Thu Sep 22 02:13:28 PDT 2022

On Thu, Sep 22, 2022 at 09:47:09AM +0100, John Garry wrote:
> On 20/09/2022 03:17, Ming Lei wrote:
> > For avoiding to trigger io timeout when one hctx becomes inactive, we
> > drain IOs when all CPUs of one hctx are offline. However, driver's
> > timeout handler may require cpus_read_lock, such as nvme-pci,
> > pci_alloc_irq_vectors_affinity() is called in nvme-pci reset context,
> > and irq_build_affinity_masks() needs cpus_read_lock().
> > 
> > Meantime when blk-mq's cpuhp offline handler is called, cpus_write_lock
> > is held, so deadlock is caused.
> > 
> > Fixes the issue by breaking the wait loop if enough long time elapses,
> > and these in-flight not drained IO still can be handled by timeout
> > handler.
> 
> I don't think that that this is a good idea - that is because often drivers
> cannot safely handle scenario of timeout of an IO which has actually
> completed.

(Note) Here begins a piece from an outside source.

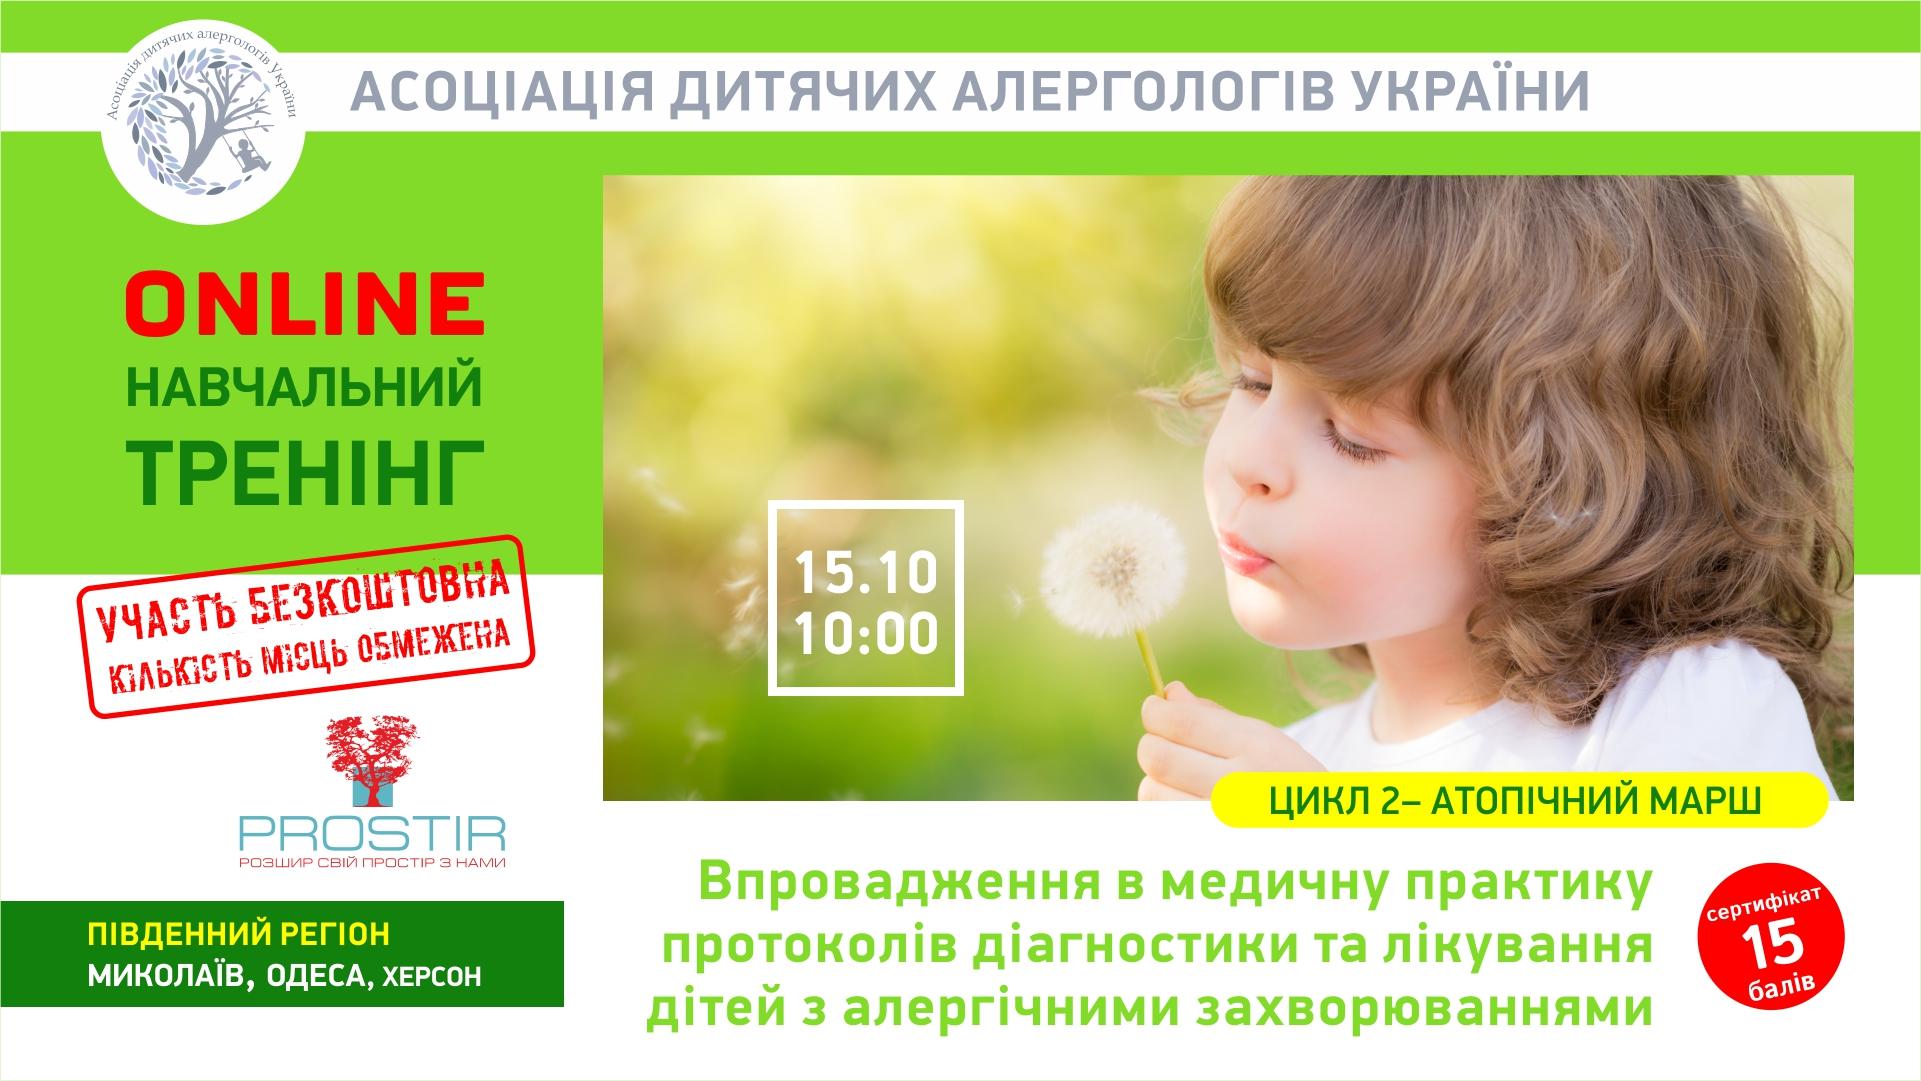 15 жовтня 2020 року о 10:00 Асоціація дитячих алергологів України проведе онлайн-тренінг на тему «ВПРОВАДЖЕННЯ В МЕДИЧНУ ПРАКТИКУ ПРОТОКОЛІВ ДІАГНОСТИКИ ТА ЛІКУВАННЯ ДІТЕЙ З АЛЕРГІЧНИМИ ЗАХВОРЮВАННЯМИ. ЦИКЛ 2 – АТОПІЧНИЙ МАРШ»

NVMe timeout handler may poll for completion, but SCSI does not.
> 
> Indeed, if we were going to allow the timeout handler handle these in-flight
> IO then there is no point in having this hotplug handler in the first place.

That is true from the beginning, and we did know the point, I remember that
Hannes asked this question in LSF/MM, and there are many drivers which don't
implement timeout handler.

For this issue, it looks more like one nvme specific since nvme timeout handler
can't move on during nvme reset. Let's see if it can be fixed by nvme
driver.

BTW nvme error handling is really fragile, not only this one, such as, any timeout
during reset will cause device removed.

Thanks.
Ming